PET makes pictures or images non-invasively of the blood flow and/or metabolic activity of the heart using a safe, short-lived radionuclide (figure 2). The resulting image is a three-dimensional picture of the heart's blood flow capacity (figure 3).

Figure 2

The PET Scanner takes pictures of the heart muscle blood flow and metabolism after intravenous injection of a positron radiotracer.

Figure 3

The diagnosis of coronary atherosclerosis by PET is astonishingly accurate. It is better than the arteriogram because it identifies effects of diffuse coronary atherosclerosis that are not detectable by coronary arteriography, now shown to miss 79% of this common form of coronary atherosclerosis. The initial PET imaging provides early diagnosis that allows treatment to begin long before symptoms develop.

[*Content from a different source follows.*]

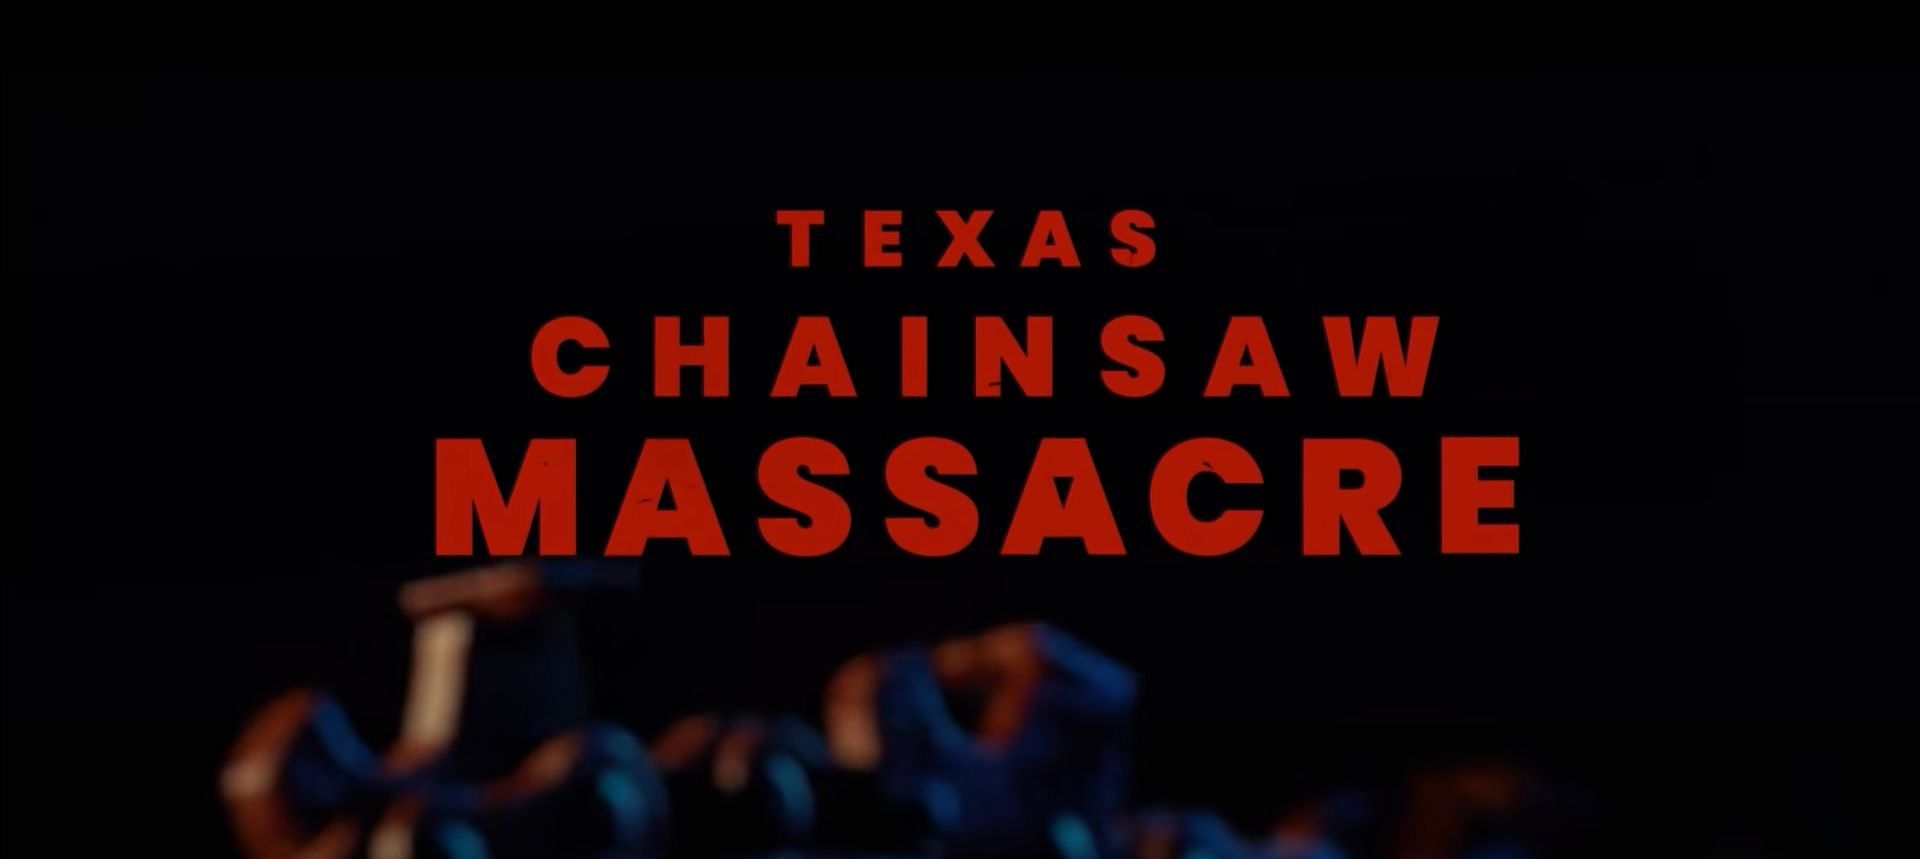 Texas Chainsaw Massacre (Image via Netflix)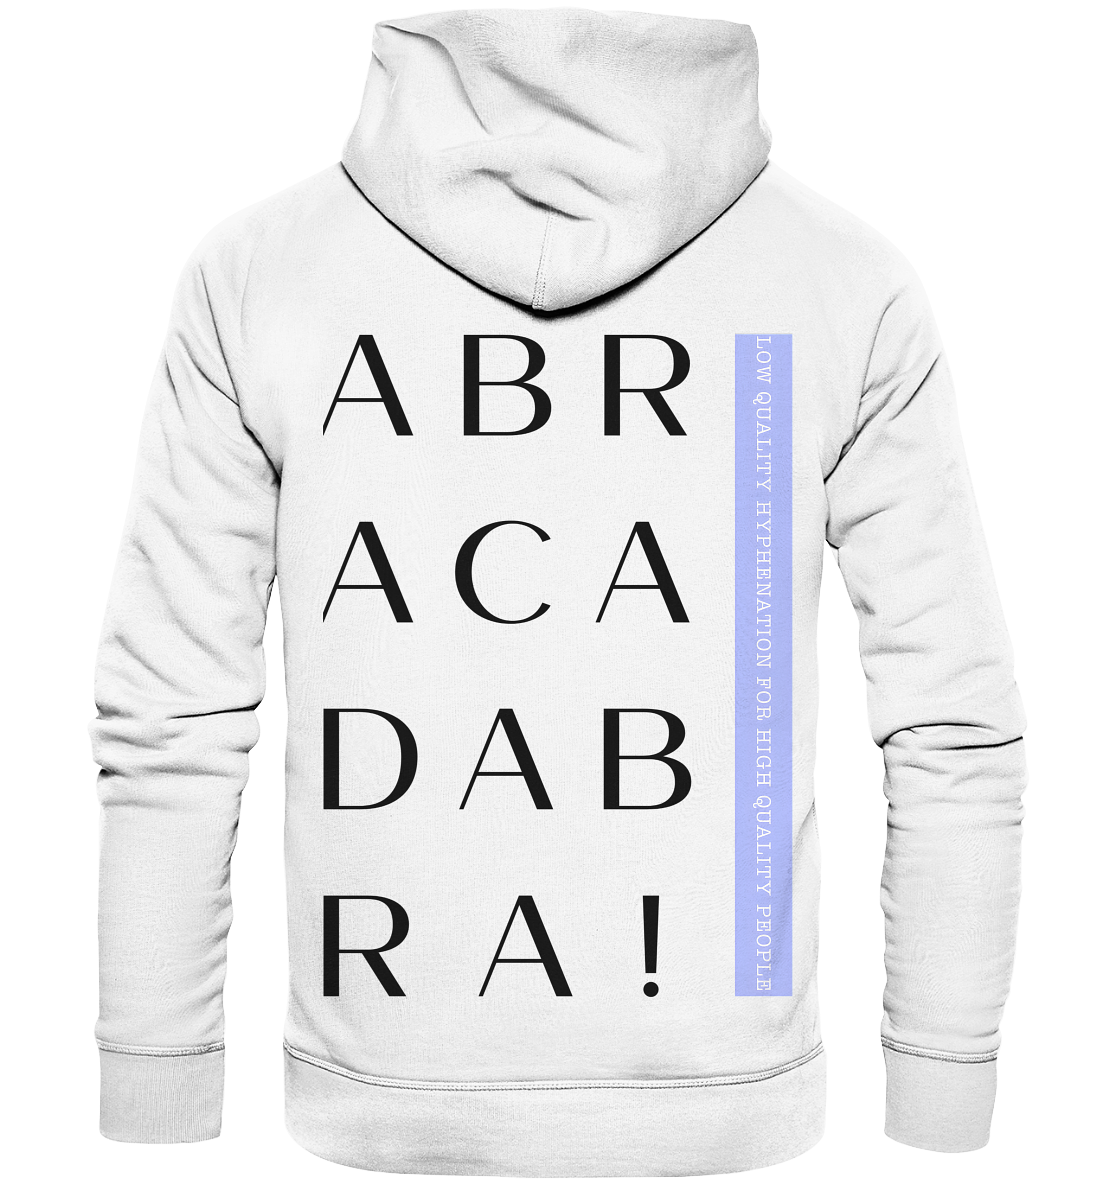 ABRACADABRA (LQHFHQP) - Organic Fashion Hoodie

Follow-up imaging definitively indicates whether there is progression (figure 4) or regression (figure 5) of coronary heart disease, and whether more vigorous treatment is needed.

Figure 4

The vigorous dietary and drug treatment regimen relieves pain, partly reverses and prevents additional vascular disease, heart attacks, sudden death and the need for balloon dilation or bypass surgery. It is considerably less costly than these procedures with better outcomes.

One of the great advantages of PET is its superior ability to diagnose or assess the severity of coronary heart disease early in its development when a patient has the best opportunity for optimal survival and/or quality of life. PET offers diagnosis and follow-up assessment with an accuracy greater than tests using ECG monitoring, traditional nuclear studies, or coronary angiograms. Standard exercise testing with ECG monitoring or standard imaging technology gives erroneous results in 50 percent or more of patients, particularly women. Even standard coronary angiograms are often erroneous: visual estimates of specific arterial narrowing by board certified cardiologists over-estimate the severity of narrowing by as much as 60 percent. Moreover, in 79% of subjects with elevated cholesterol, coronary angiograms fail to identify more general, diffuse build-up of cholesterol throughout the walls of the arteries, a condition which causes most heart attacks and strokes. In contrast, PET imaging has an accuracy of 96 to 98 percent in identifying the severity of narrowing of coronary arteries. PET also identifies the abnormalities of blood flow in heart muscle caused by diffuse build-up of cholesterol throughout the walls of the artery that are often not apparent on an angiogram (figure 6).